* Prompt
Using the data below, set down every line from the one containing "Воскресным, гугл картинки ком" through the one containing "Axios Logo png", inclusive and unchanged. Pictures are to be skipped.

* Data under study
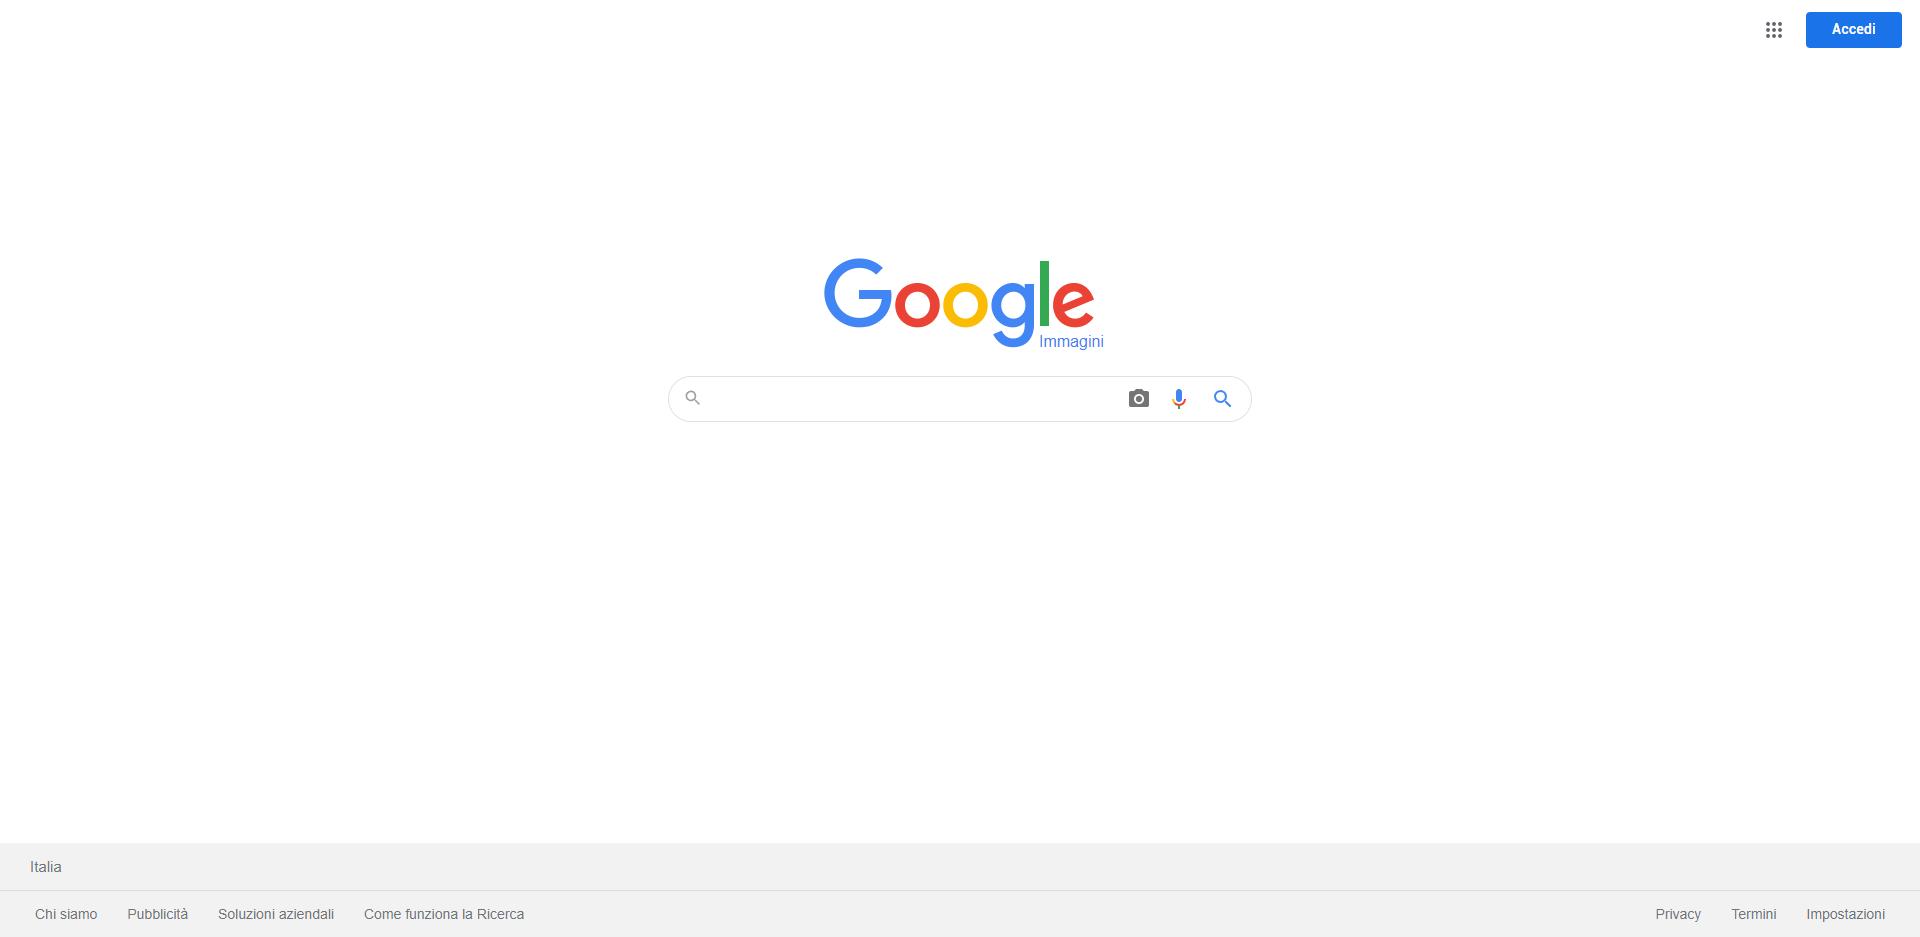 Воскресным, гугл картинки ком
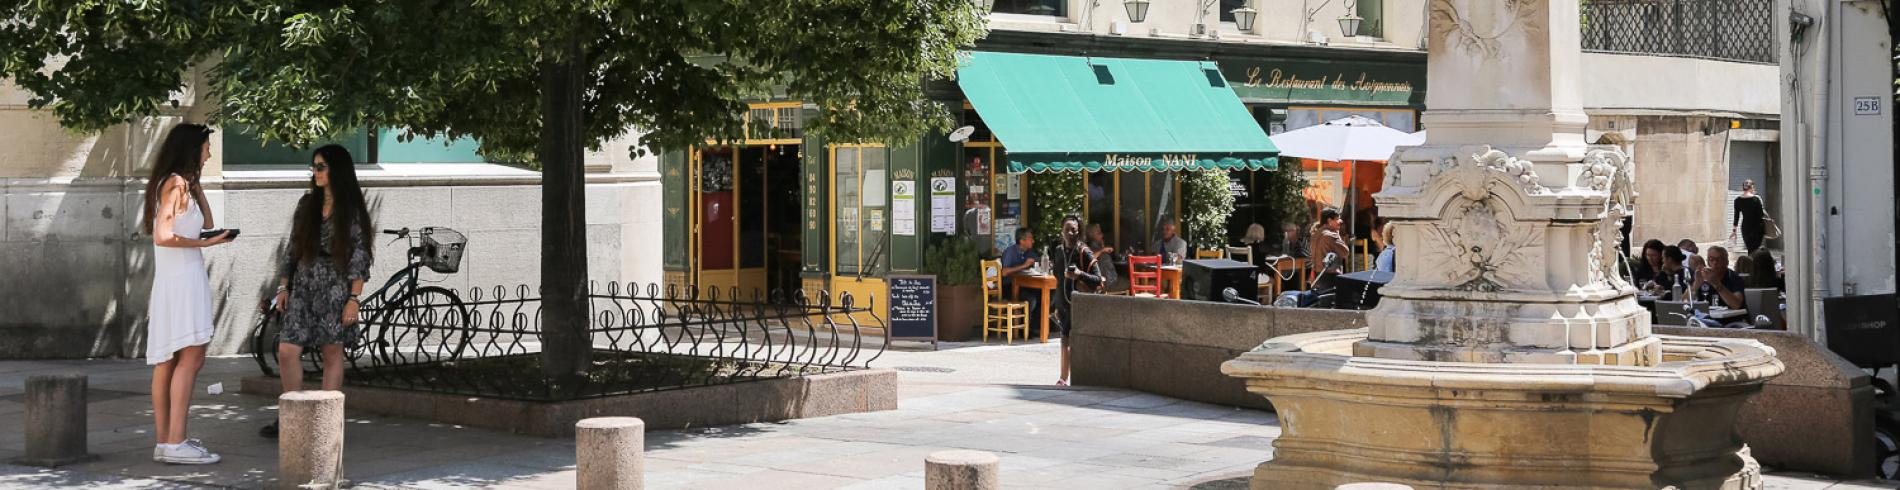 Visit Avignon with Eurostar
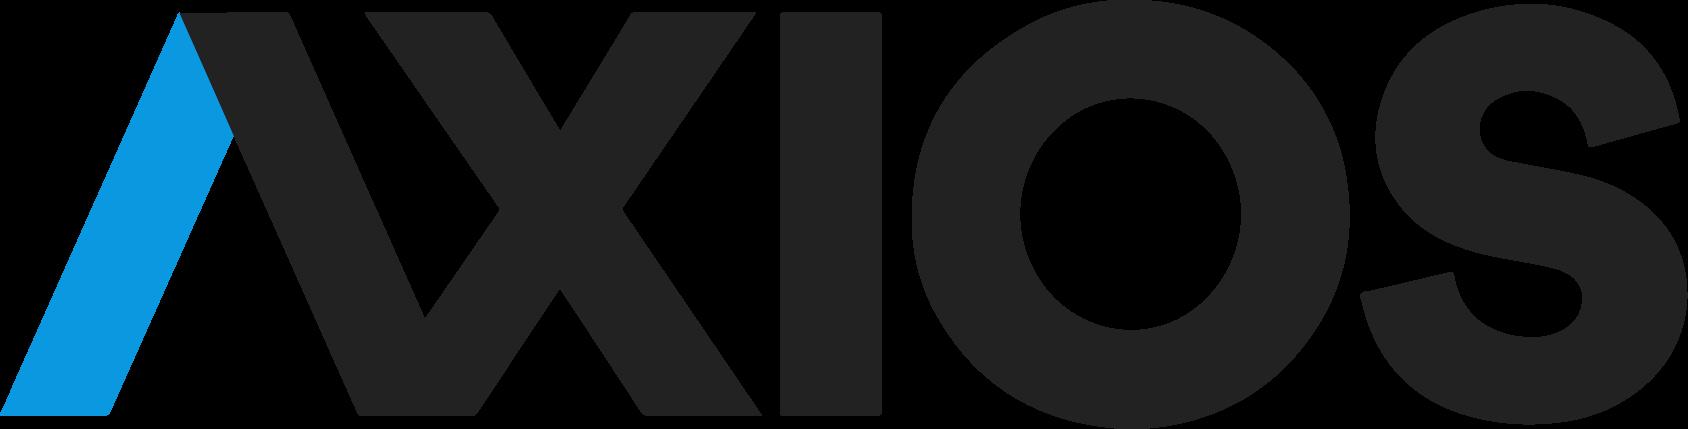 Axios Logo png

==

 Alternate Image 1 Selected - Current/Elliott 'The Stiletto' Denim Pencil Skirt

...

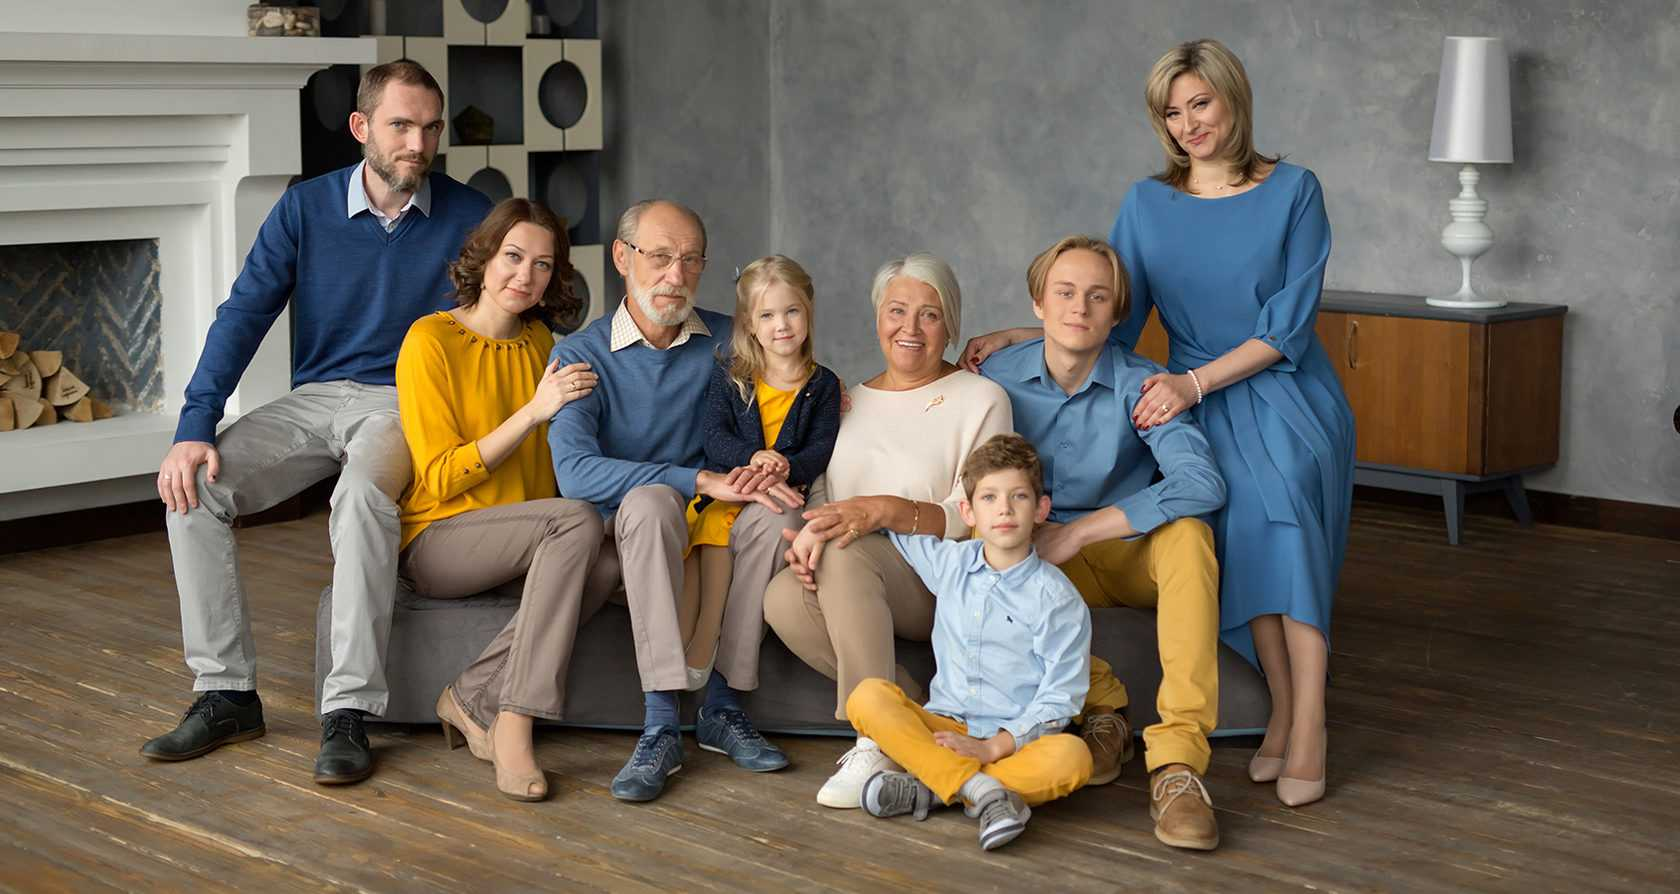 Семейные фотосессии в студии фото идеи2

* Expected answer
 Воскресным, гугл картинки ком
 Visit Avignon with Eurostar
 Axios Logo png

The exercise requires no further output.